■ Source data
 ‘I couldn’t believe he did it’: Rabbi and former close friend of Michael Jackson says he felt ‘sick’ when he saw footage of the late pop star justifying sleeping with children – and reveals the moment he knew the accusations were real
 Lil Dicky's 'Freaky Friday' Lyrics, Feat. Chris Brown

* * *

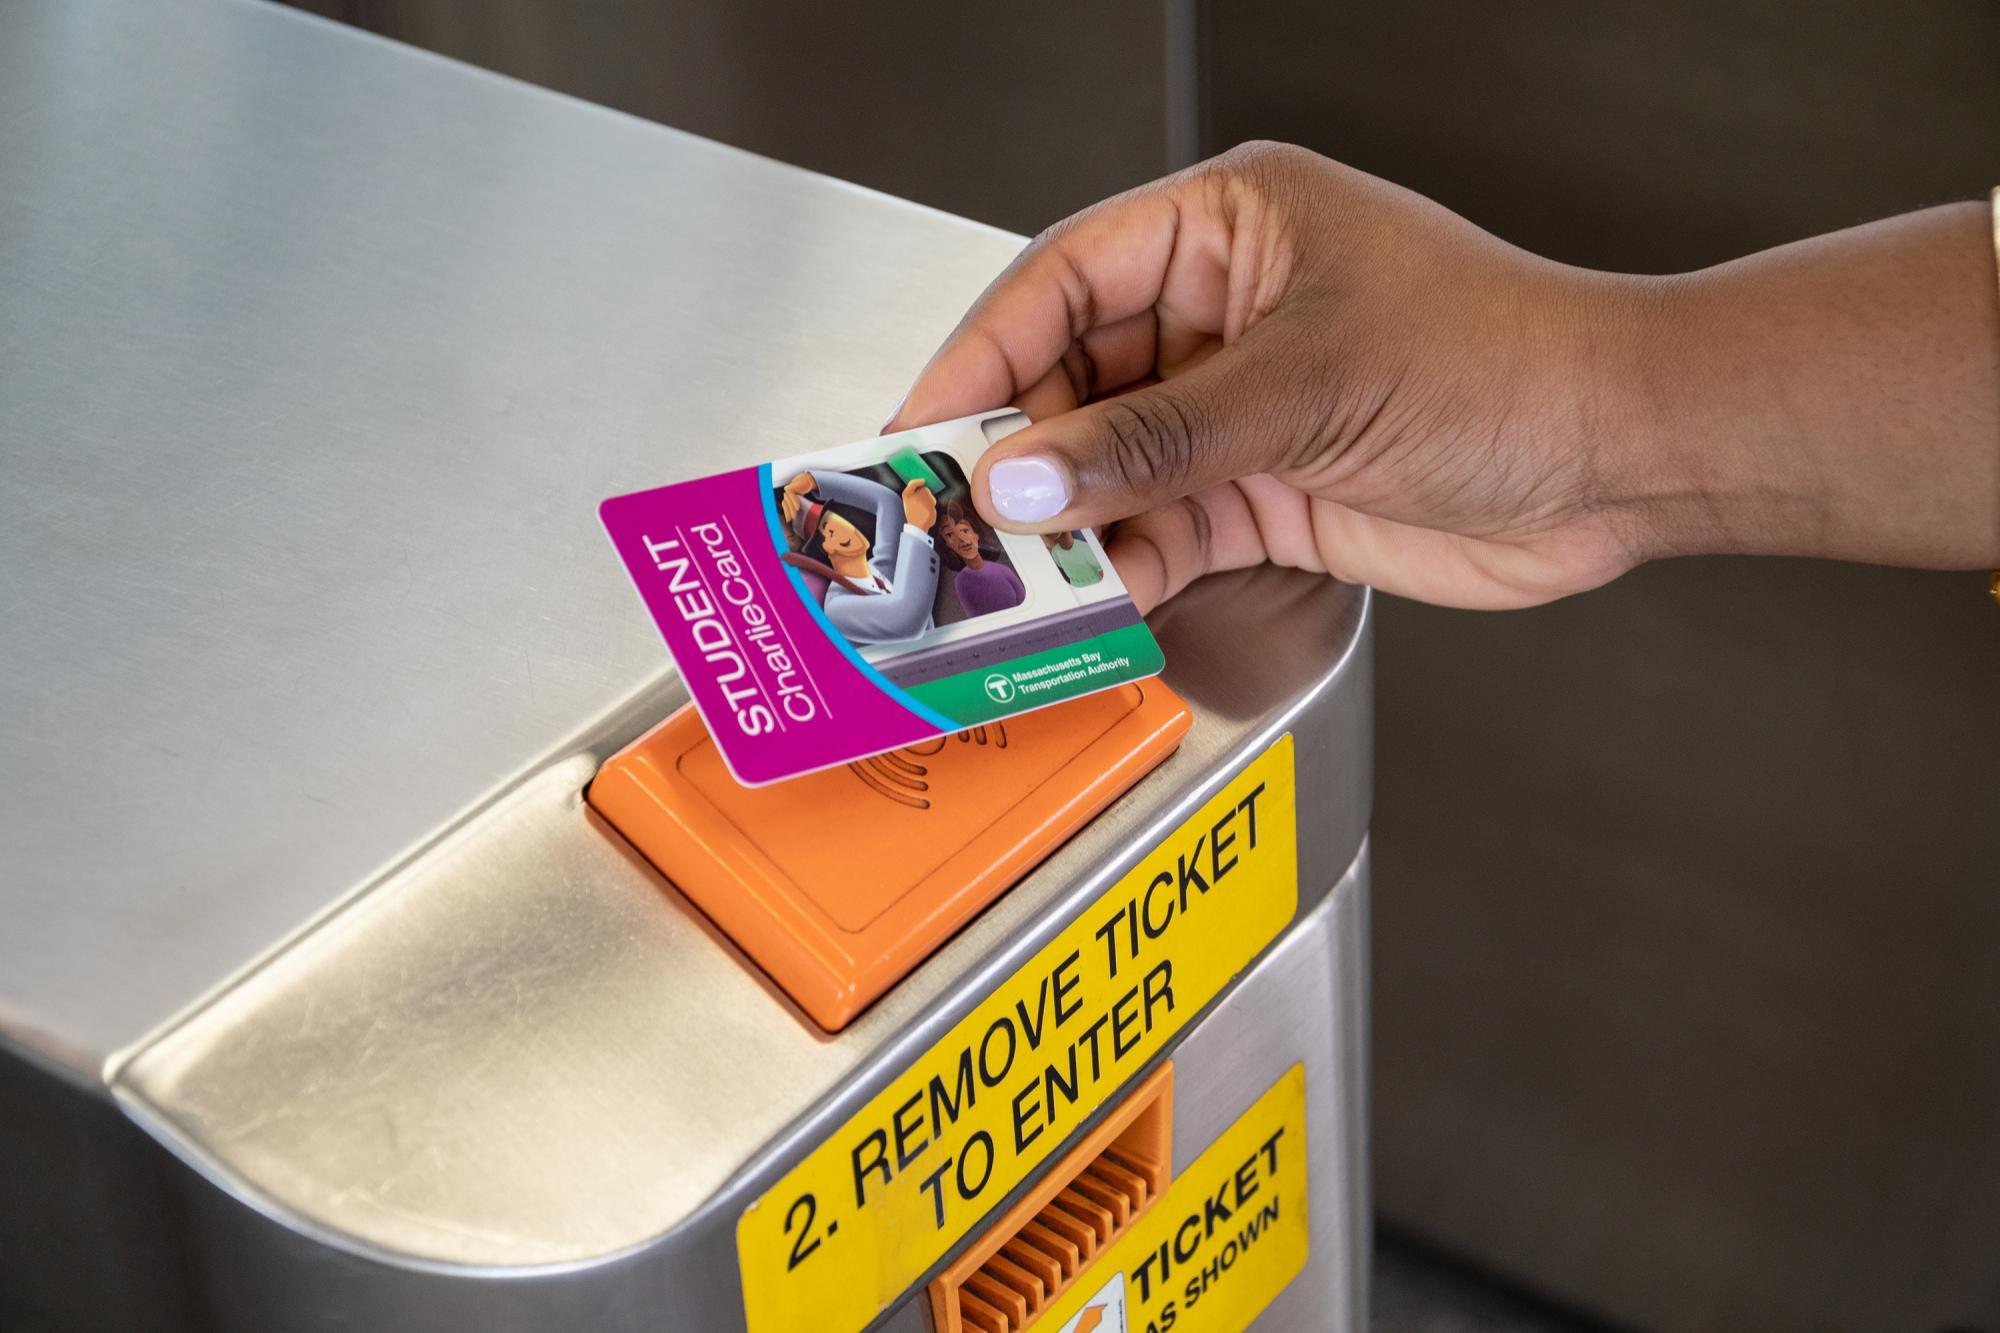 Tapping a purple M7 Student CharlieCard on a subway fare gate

--

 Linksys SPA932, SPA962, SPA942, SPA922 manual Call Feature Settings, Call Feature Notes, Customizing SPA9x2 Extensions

■ Work to be completed
Reproduce the lines above, beginning at the line with "accusations were real" and stopping after the line with "Lil Dicky's 'Freaky", exactly as they are.

■ Solution for this task
 ‘I couldn’t believe he did it’: Rabbi and former close friend of Michael Jackson says he felt ‘sick’ when he saw footage of the late pop star justifying sleeping with children – and reveals the moment he knew the accusations were real
 Lil Dicky's 'Freaky Friday' Lyrics, Feat. Chris Brown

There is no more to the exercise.